As pointed out by D. Donoho,
An article about computational science in a scientific publication is not the scholarship itself, it is merely advertising of the scholarship. The actual scholarship is the complete software development environment and the complete set of instructions which generated the figures. This directly applies to high throughput biology data analysis and I strongly believe that being able to reproduce once results and replicate an analysis with new data are essential aspects of the process of doing research.

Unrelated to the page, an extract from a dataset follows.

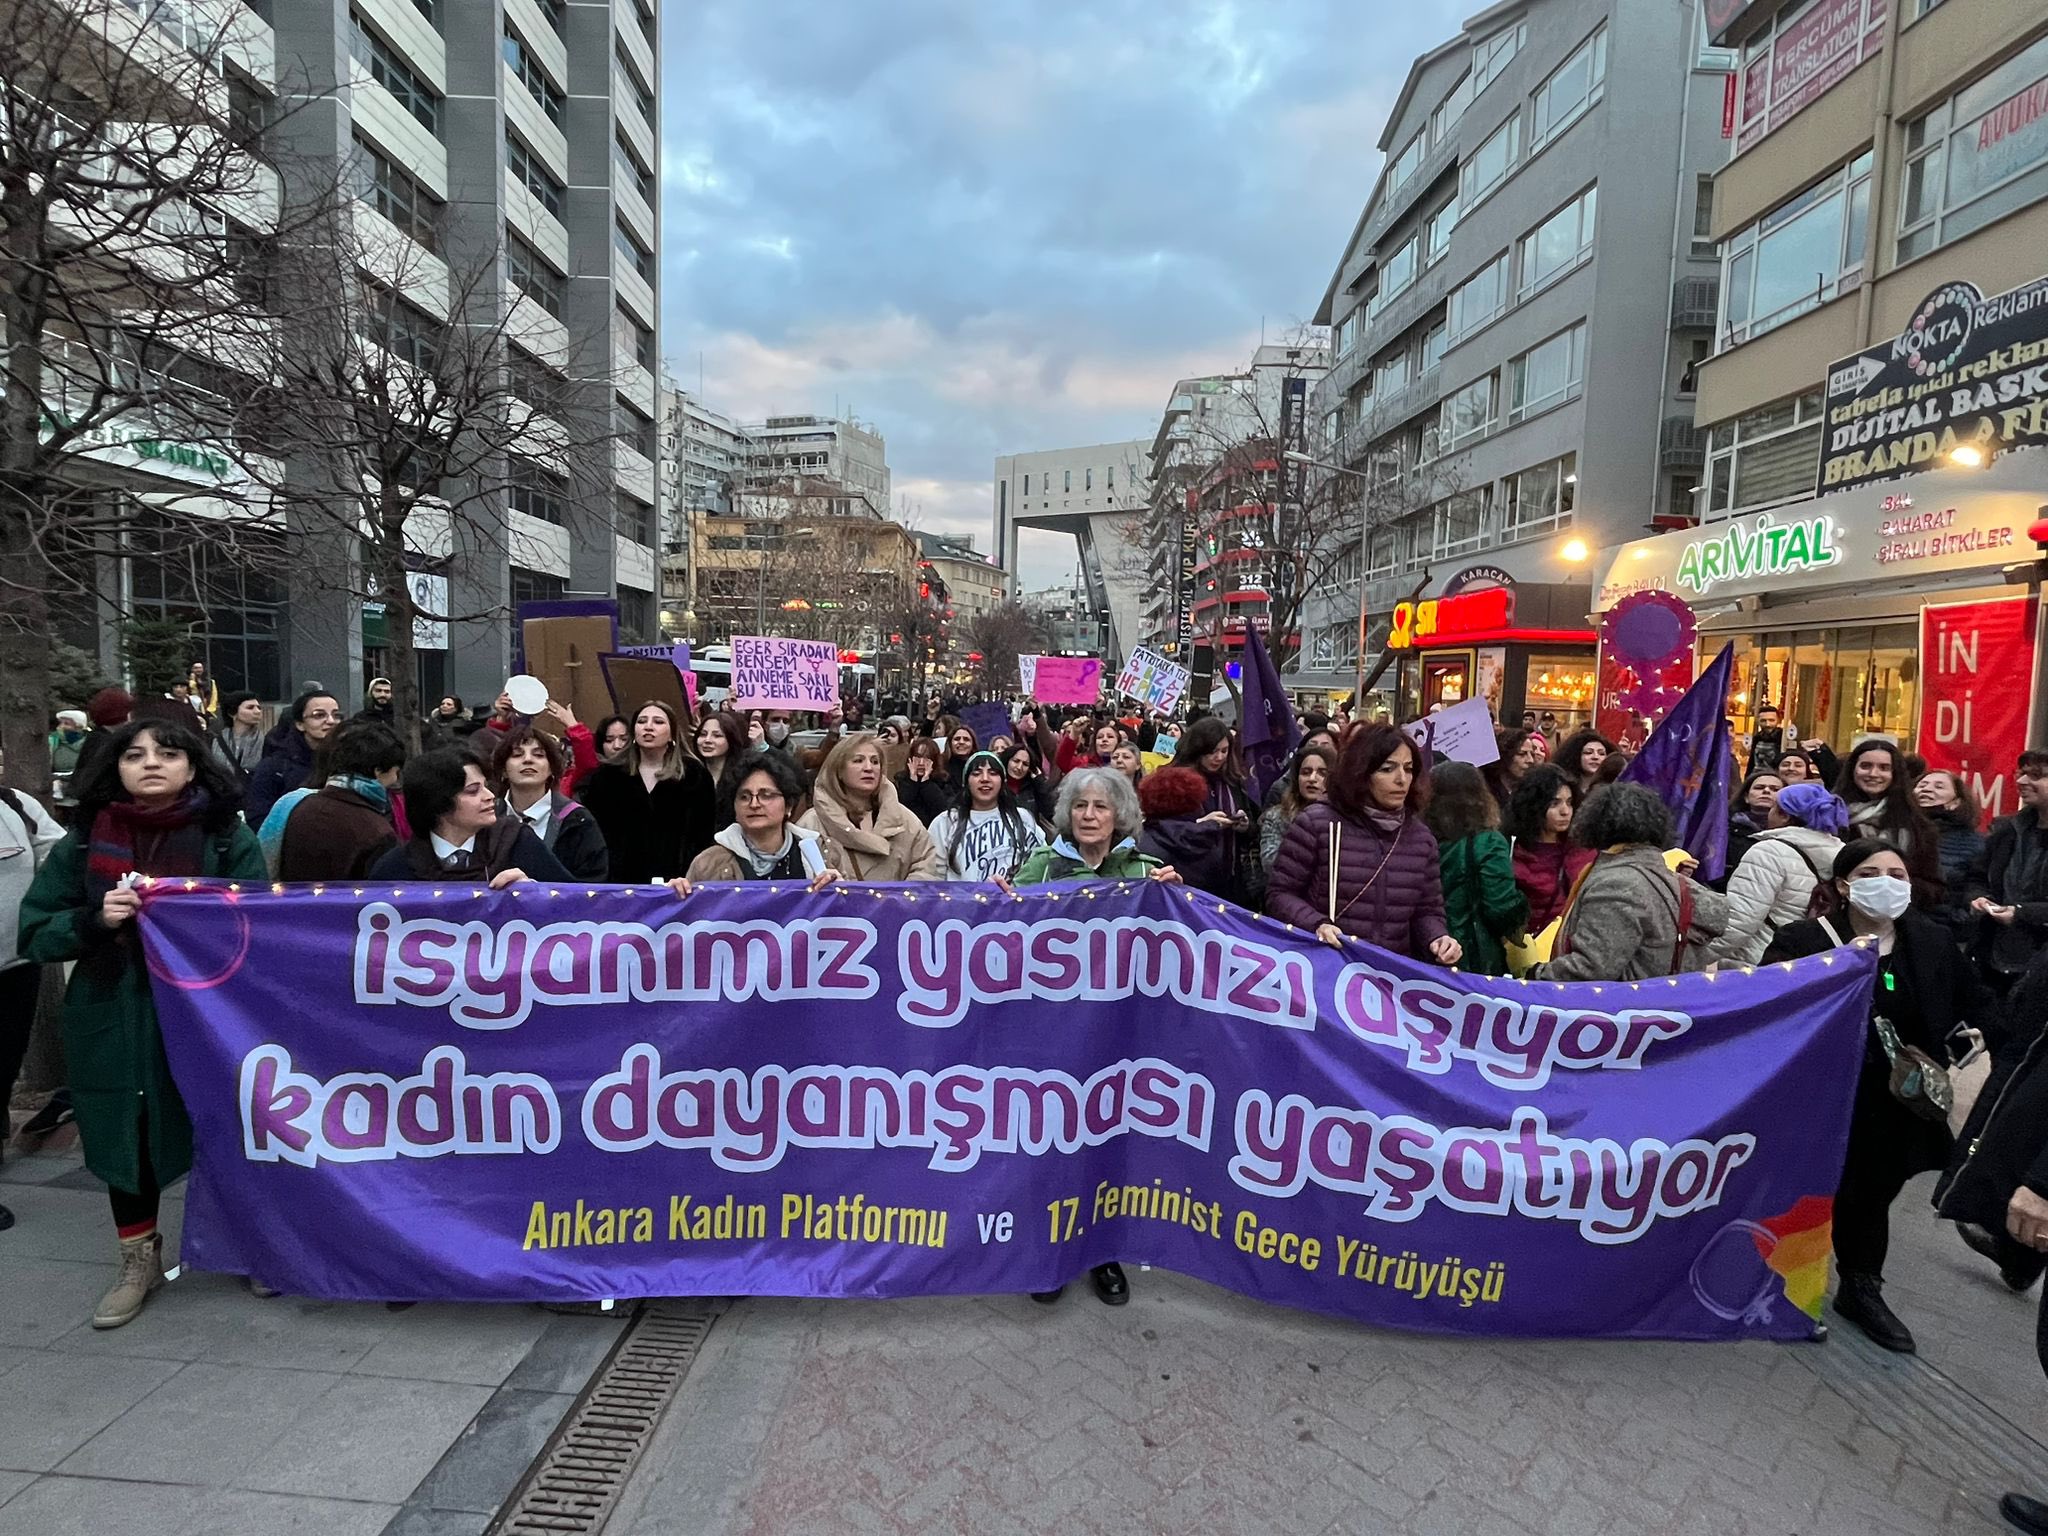 Ankara’da Feminist Gece Yürüyüşü: İsyanımız yasımızı aşıyor, kadın dayanışması yaşatıyor! Kaos GL - LGBTİ+ Haber Portalı

As such, I regard the development of scientific software and analysis pipelines (including good software and process documentation) that facilitate reproducible research, an important aspect of my scientific activity.
Mass-spectrometry data analysis My work on the design and implementation of reproducible low-level mass-spectometry data analysis pipeline is materialised by the development of MSnbase (see the R/Bioconductor packages page for a short description and the poster and talk sections in publications). A too often neglegted aspect of data analysis is the storage and handling of meta data, which is an essential part of the data structures implemented in MSnbase. An essential goal of this work is to enable to define rigorous and reproducible data analysis pipelines and best practices. The synapter package and the associated publications (see Bond et al. 2013 and Shliaha et al. 2013) addresses MSE label-free quantiation, optionally including ion mobility separation.
MS-based organelle proteomics
In biology, localisation is function: knowledge of the localisation of proteins is of paramount importance to assess and study their function. (Gatto et al., 2010) My work in organelle proteomics is focused on the analysis of quantitative mass-spectrometry data (mainly gradient approaches) to infer sub-cellular localisation of proteins. This work is implemented in the pRoloc package (see the R/Bioconductor packages page for a short description and the poster and talk sections in publications). This framework allows researcher to manage data and meta data (using data structure from MSnbase) as well as organelle marker sets, apply contemporary linear and non-linear machine learning techniques to predict protein-organelle association based in quantitative proteomics data for a review of organelle proteomics designs), easily incorporate data from other organelle proteomics initiatives like the Human Protein Atlas as well as GO annotation terms. As advances in technology enable more sophisticated organelle proteomics experiments to be performed, it is essential that tool kits are created to support scientists in the analysis of large and complex data sets.